**What you will do:** There are pictures in the records below; leave them out and set down exactly the lines from the one holding "In a given reference" through the one holding "FROM STATE OF".

**Information:**
======

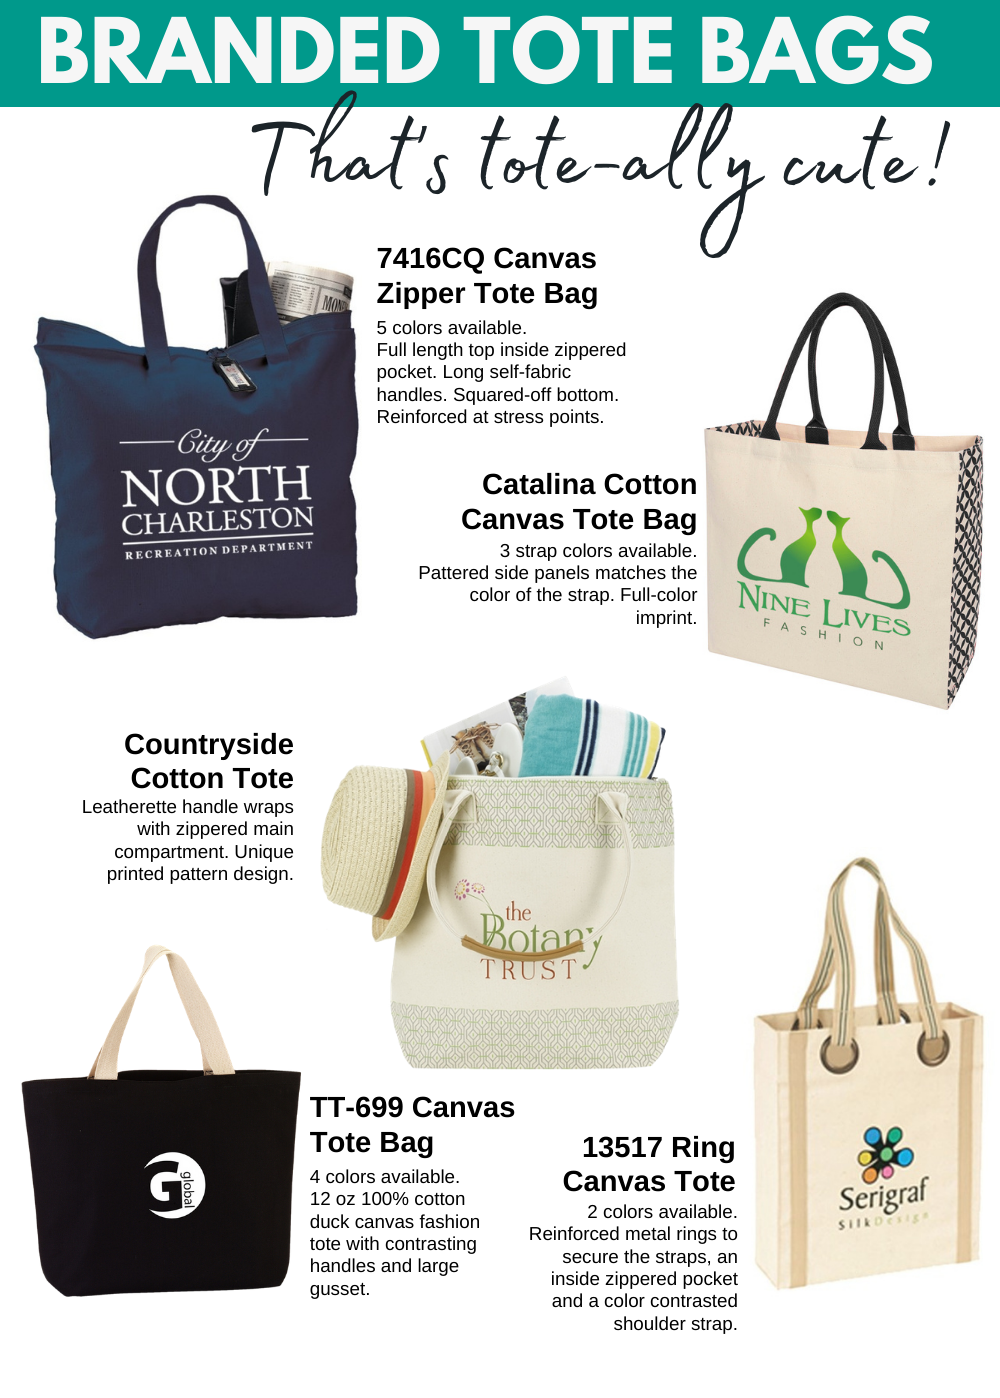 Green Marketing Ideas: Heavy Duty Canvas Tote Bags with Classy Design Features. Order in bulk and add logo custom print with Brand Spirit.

======

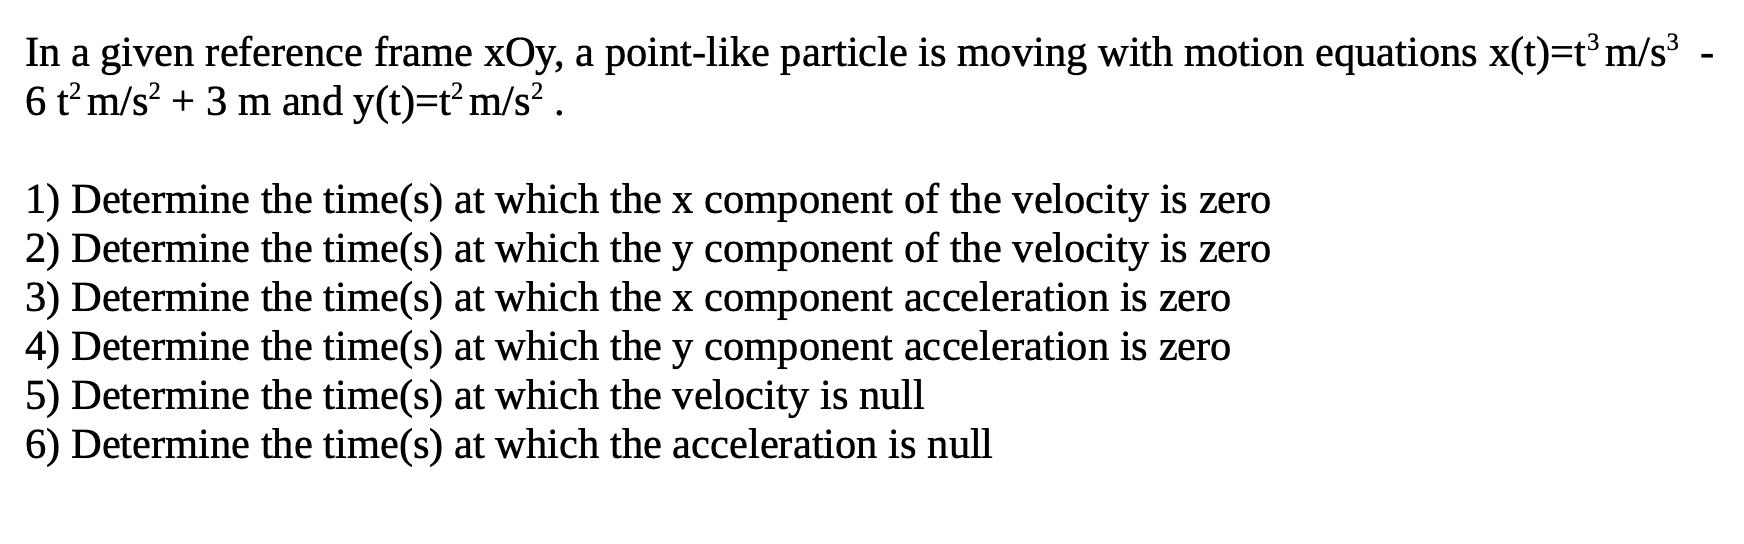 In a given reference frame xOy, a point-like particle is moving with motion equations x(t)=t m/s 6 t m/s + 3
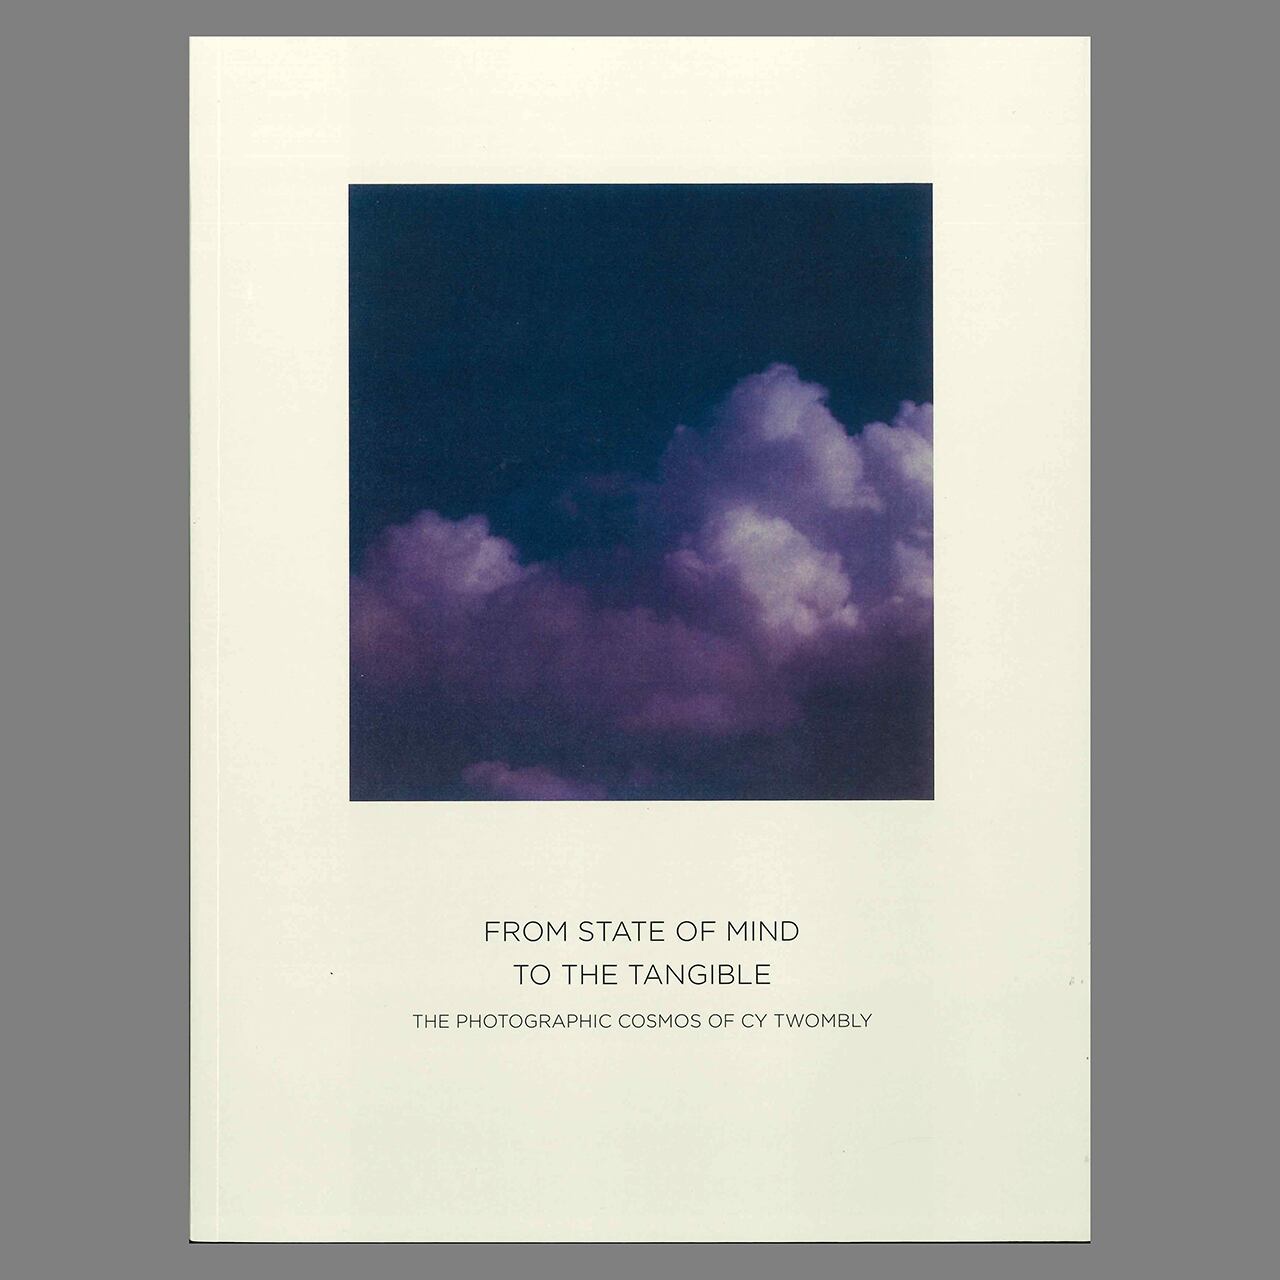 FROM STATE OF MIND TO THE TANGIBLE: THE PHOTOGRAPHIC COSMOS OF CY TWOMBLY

======

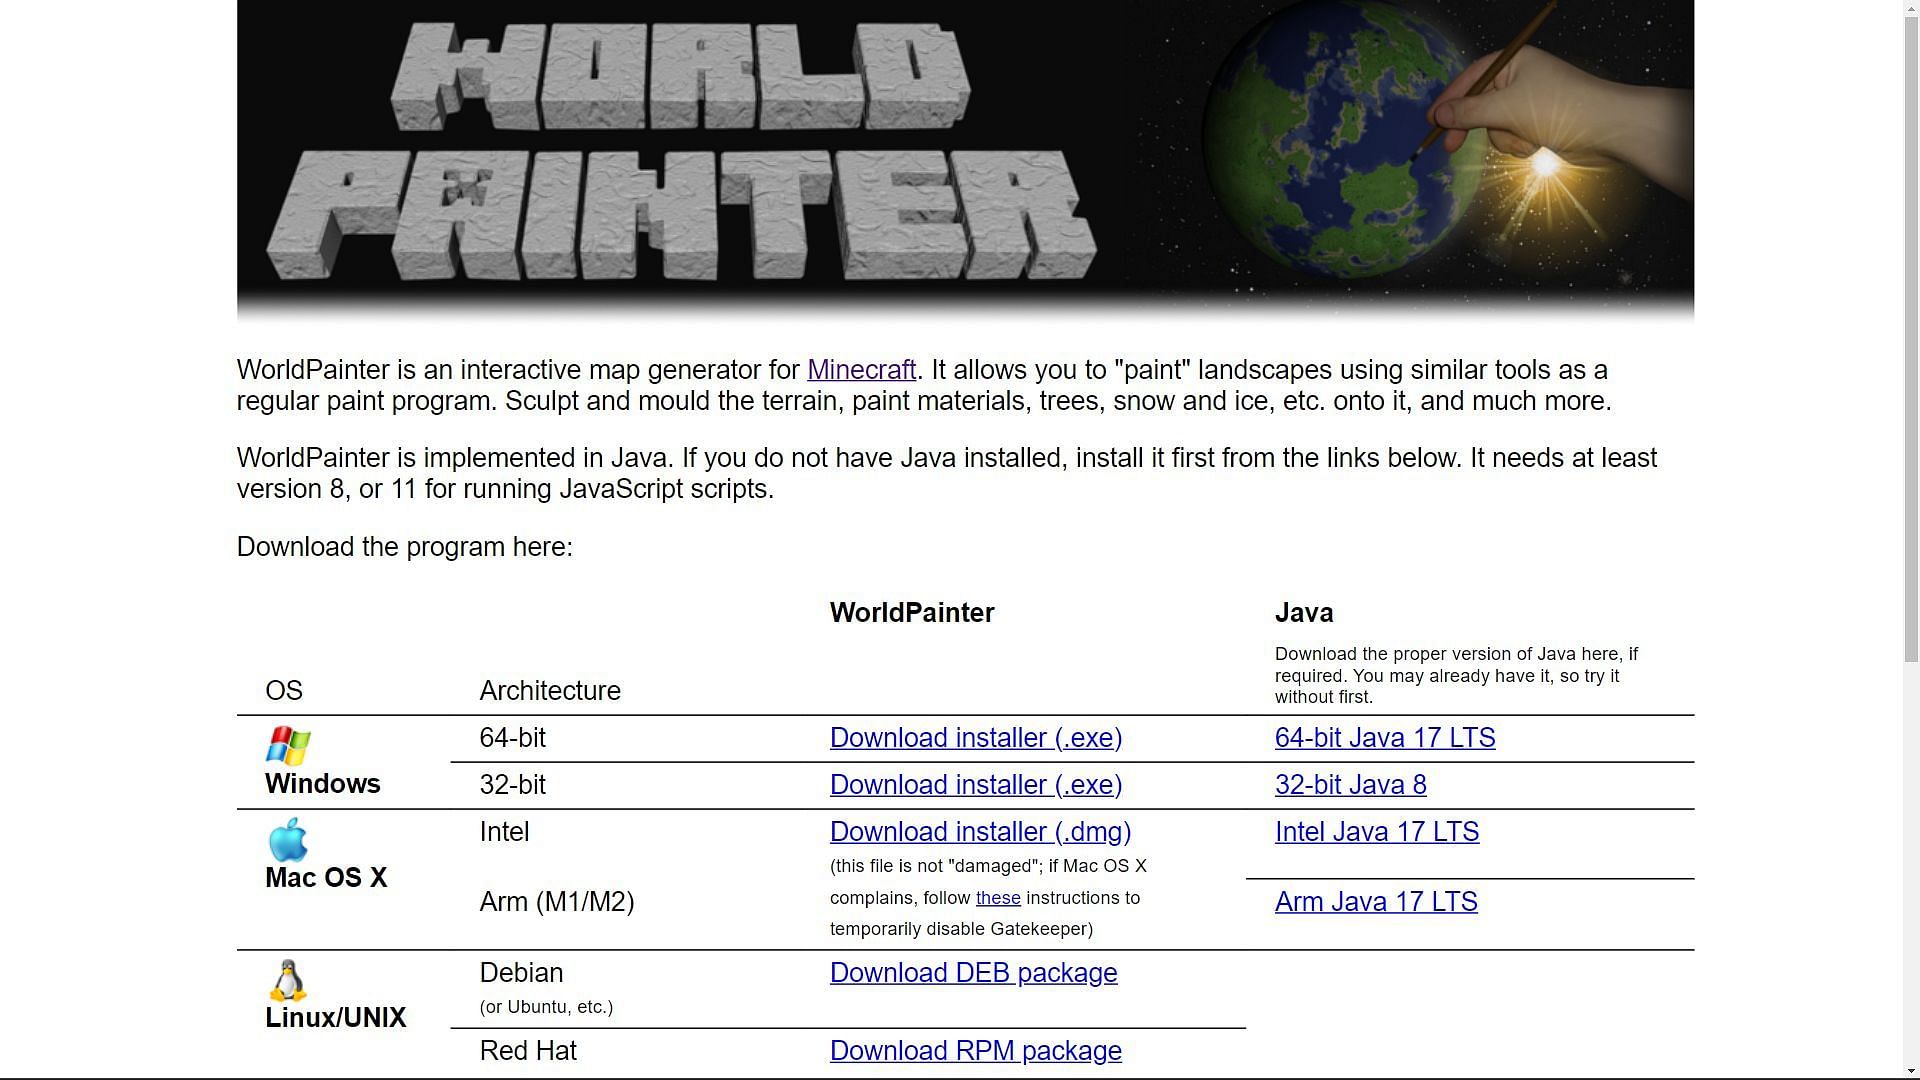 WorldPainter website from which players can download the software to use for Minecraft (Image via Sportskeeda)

======

**Result:**
 In a given reference frame xOy, a point-like particle is moving with motion equations x(t)=t m/s 6 t m/s + 3
 FROM STATE OF MIND TO THE TANGIBLE: THE PHOTOGRAPHIC COSMOS OF CY TWOMBLY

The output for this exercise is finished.